Tempeh as A Cultural Heritage
Originating from Central Java, tempeh is a unique soy-based food deeply ingrained in Javanese cuisine, setting it apart from its Chinese or Japanese counterparts.
Making tempeh is believed to be one of the oldest food techniques practiced by the Javanese community in Indonesia. In the Serat Centhini (a historical manuscript published in the 16th century), the word “tempe” is mentioned in the context of dishes like jae santen tempe (tempeh with coconut milk) and kadhele tempe srundengan, indicating that this traditional food has long been recognized and integrated into the culinary culture of the Javanese people, particularly in Yogyakarta and Surakarta.
It is often savored during various festive occasions and ceremonies. In social gatherings like kenduri or selamatan in rural areas, tempeh takes on a sacred role, symbolizing gratitude for the cycle of life in accordance with local beliefs and customs.
Various Tempeh in Indonesia
Most tempeh producers in Indonesia are small-scale and adhere to traditional tempeh-making methods. In addition to soybeans, various types of tempeh are made from different ingredients. The diversity of grains in Indonesia provides abundant choices for tempeh production.
While soy-based tempeh is the most well-known, a wide variety of raw materials are used to make tempeh in Indonesia!
Tempeh Koro Benguk and Tempeh Koro Pedang
Tempeh koro benguk is a specialty from Kulonprogo, Yogyakarta. Both beans, koro benguk, and koro pedang, are larger than soybeans. These local legumes come in various varieties and are commonly used as raw materials for tempeh production.

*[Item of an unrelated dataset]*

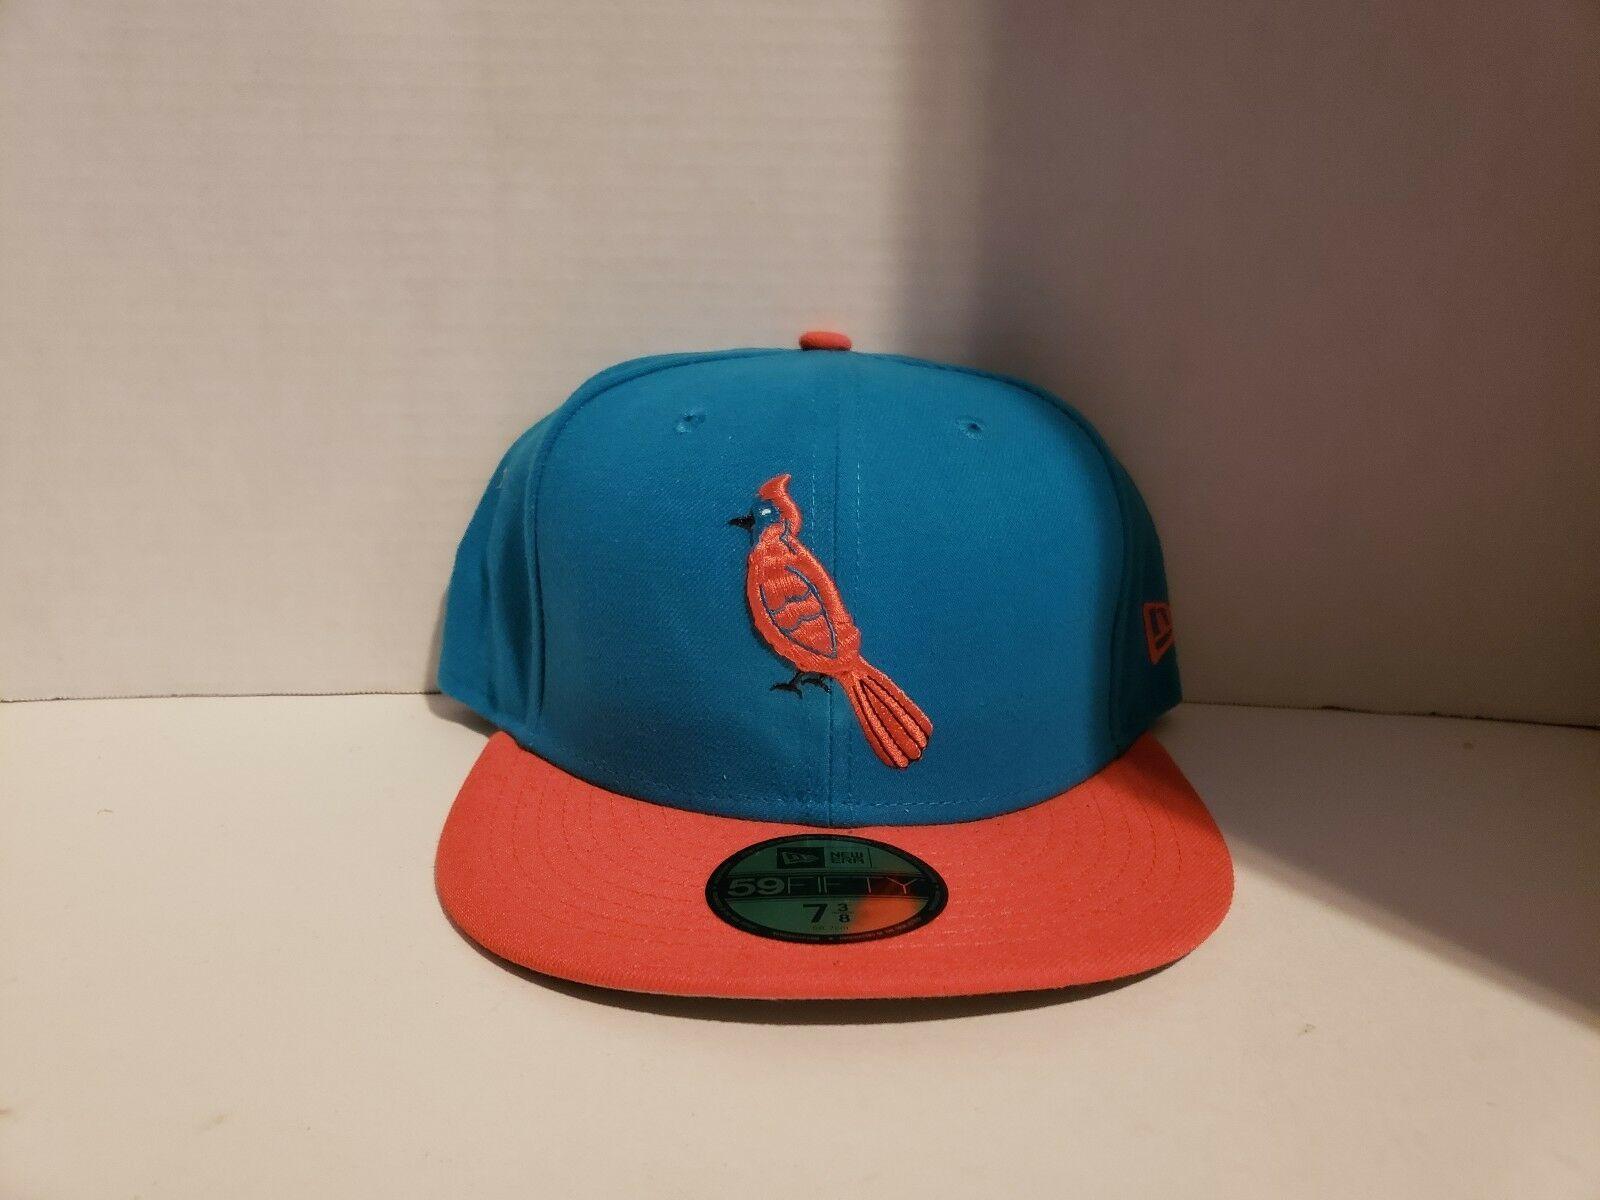 New Era St Louis Cardinals Custom Kobe and similar items 1600x1200

The unique tempeh from Malang is created by fermenting tofu and tempeh residue, which is then compressed into a shape resembling regular tempeh, with two distinct varieties: Menjes Kacang, crafted from black soybeans or tempeh residue, and Menjes Gombal, made from tofu residue. This tempeh variant resembles the renowned tempeh gembus in Central Java and Yogyakarta regions.
Tempeh Gembus or Menjos
Tempeh gembus is made from tofu residue, offering a savory taste and a soft texture. This tempeh should be consumed at least 28 hours after the production process is complete. It is commonly fried or cooked with vegetables and chili.
In the region of Tulungagung, East Java, many people utilize kecipir beans as the raw material for making tempeh, with the production process being not much different from soybean tempeh. However, before being processed into tempeh, these kecipir beans must be boiled for a considerable amount of time to achieve a soft texture.
Tempeh embodies a beautiful story of cultural heritage and preservation. Despite its humble and unpretentious nature, it holds a special place in the hearts of many Indonesians. Throughout the years, tempeh has evolved and gained popularity, finding its way into various modern dishes, including salads, grilled preparations, and even desserts like tempeh cake.
However, amidst all these innovations, a simple stir-fried tempeh dish, generously coated in sweet soy sauce and accompanied by slices of red chilies, remains a cherished classic for me. It serves as a reminder of the deep-rooted connection between tempeh and Indonesian culinary traditions. Whether enjoyed in its traditional form or explored in new culinary adventures, tempeh remains a beloved ingredient that enriches our meals and preserves our cultural heritage.